Another important finding of our study is the overlap with mutations in the T. annulata cytochrome b gene. Several reports have shown mutations in this gene in drug-resistant isolates from around the world (Chatanga et al., 2019; Mhadhbi et al., 2015, 2010). But this is the first time that both genes have been investigated in the same samples and the high degree of overlap suggests that perhaps both genes contribute together to drug resistance. Futhermore, while 40 out of the 67 samples have a mutation in either of these two genes, we currently have no indication of what could account for the bupavaquone-resistance in the other 27 samples, suggesting that additional genes remain to be discovered. Our results highlight the need to develop molecular marker(s) and phenotypic tests to detect the occurrence of resistance and determine its prevalence in the population (Mhadhbi et al., 2015). TaPIN1 and cytochrome b should both be used as markers to screen resistant strains of T. annulata to buparvaquone in field isolates.

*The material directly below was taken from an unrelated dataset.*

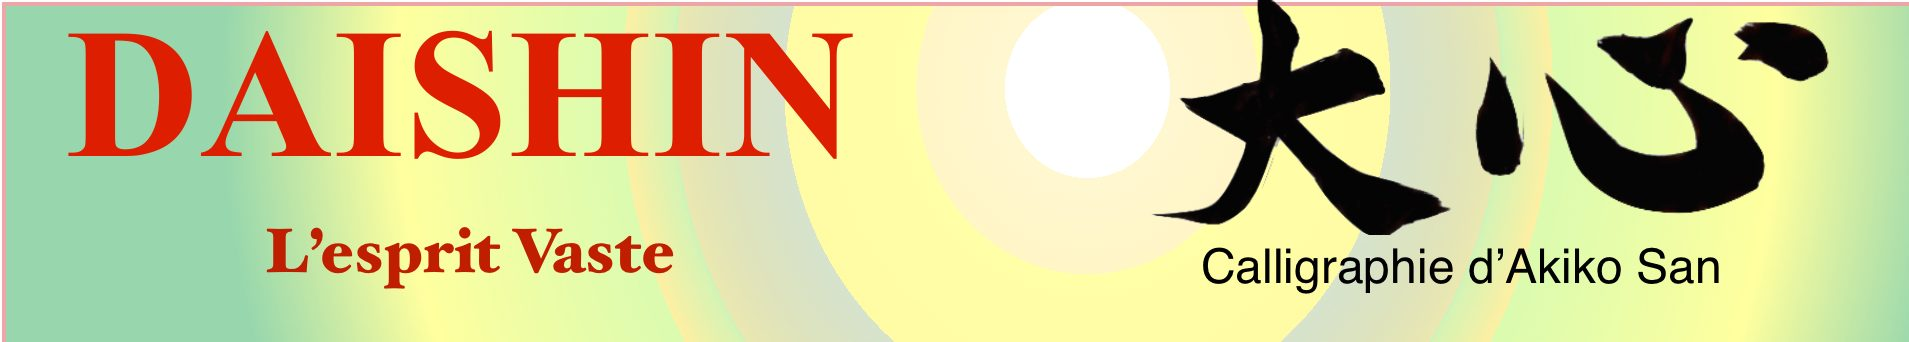 cropped-60433959-A844-42C1-BD63-2AE5BC319669.jpeg

In conclusion, this study of field isolates from Sudan extends our understanding of buparvaquone resistance in T. annulata parasites. We confirm the importance of the A53P mutation in the catalytic loop and identify additional N-terminal mutations that could affect TaPin1 processing or targeting. Finally, the high frequency of mutations in the TaPIN1 and cytochrome b genes suggests that both genes should be used as molecular markers to detect the spread of resistance in the field across endemic areas in Africa and the Middle East.

Data availability

All data generated or analyzed during this study is publicly available on the Mendeley Data Repository.

Declaration of competing interest

All authors have no competing interests.